If a human has to think to acomplish X, and a machine can do X, then the mahine can be said to think.
And yes, a normal caculator thinks then, albeit in an extremely limited domain. BUT if the full general purpose and almost infinitely deep abstraction levels that the human mind is capable of is say ‘level 1,000,000,000’, then a calculator ‘thinks’ at say level 1, or perhaps 10.
Now, add pattern recognition and ‘conditional branching’ which a computer has that a calculator doesn’t, now perhaps you are at level 100 (of 1,000,000,000).
‘thinking’ is not a binary yes/no, it is ‘what depth’ or what level of generality of abstract processing (ie thought) is this entity , man, machine, animal, alien, capable of.
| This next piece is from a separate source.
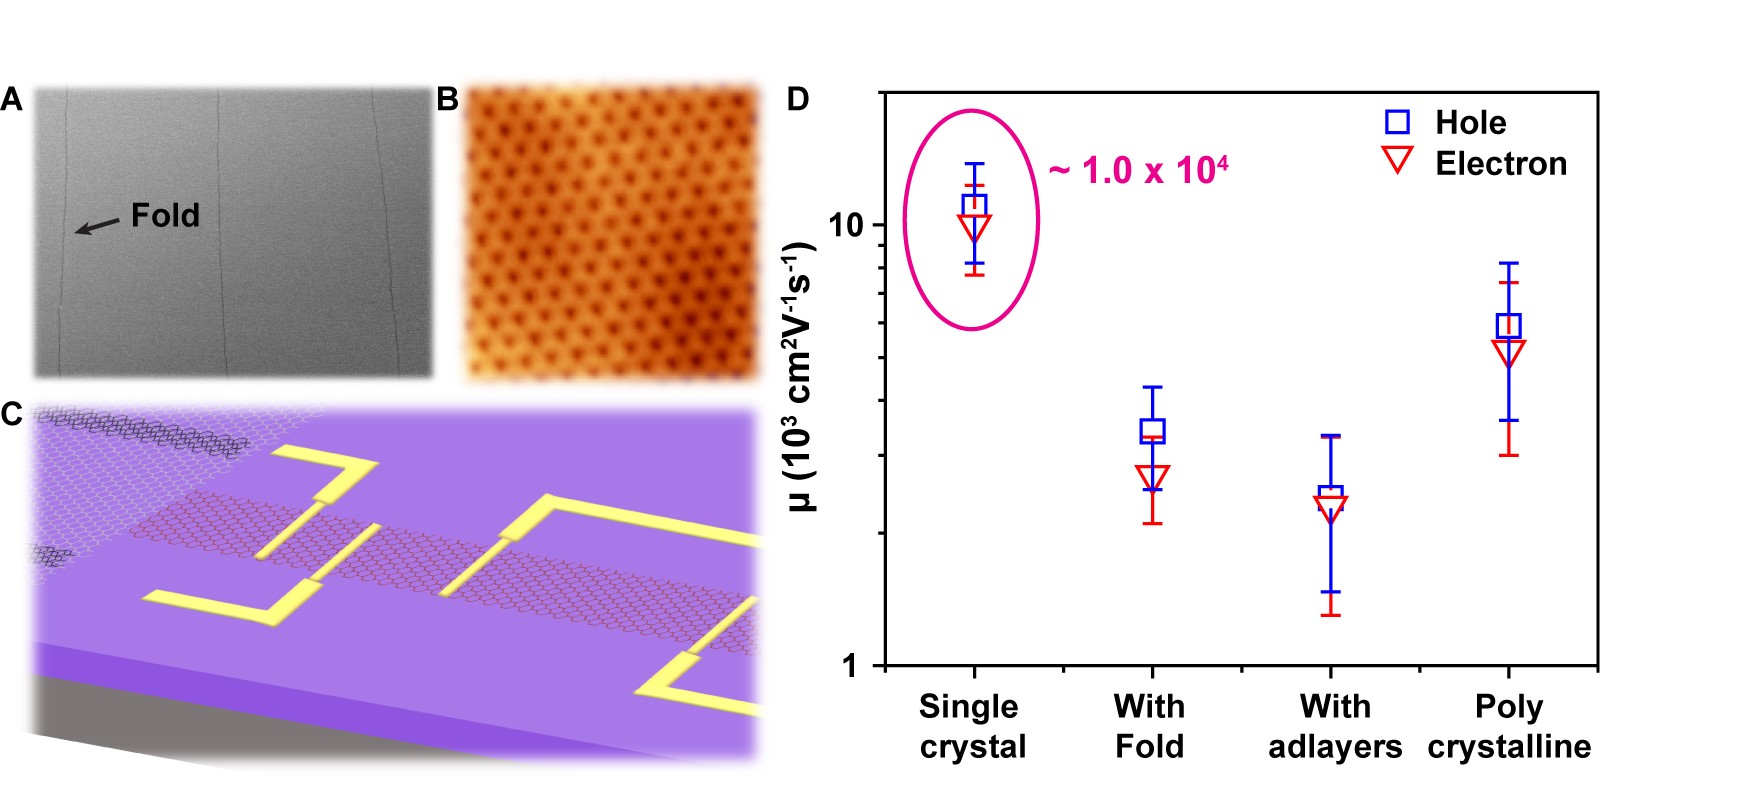 Figure 2 (A) SEM image of an adlayer-free single crystal graphene film with parallel long folds on a Cu(111) foil. (B) A high-resolution ultra-high-vacuum STM image of the honeycomb lattice of the single crystal graphene film. (C) Schematic illustration for straightforward fabrication of high-performance field-effect transistors in the region lying between two adjacent folds in the single crystal graphene film. (D) Carrier mobilities measured from field-effect transistors patterned with various kinds of graphene samples; adlayer-free single crystal graphene film shows the best performance.

Intelligence is directly related to how general or broad the set of types of problems that can be solved. So a modern digital calculator is more intelligent than an abacus, and a computer is more intelligent than a calculator, and an ape is more intelligent than a computer, and a human is more intelligent than an ape.
People will never see computers as ‘thinking’ though, until they can perform ‘thinking’ (ie abstract processing) in an extremely varied set of domains. for that, they will have to understand the world. To do that, they will have to partake in naturual language understanding
Now computers won’t ever REALLY understand the world the way we do, simply because we have senses that they do not (and probably vice-versa eventually), but language will be a kind of ‘common denominator’ for us to communicate with them and solve real world problems.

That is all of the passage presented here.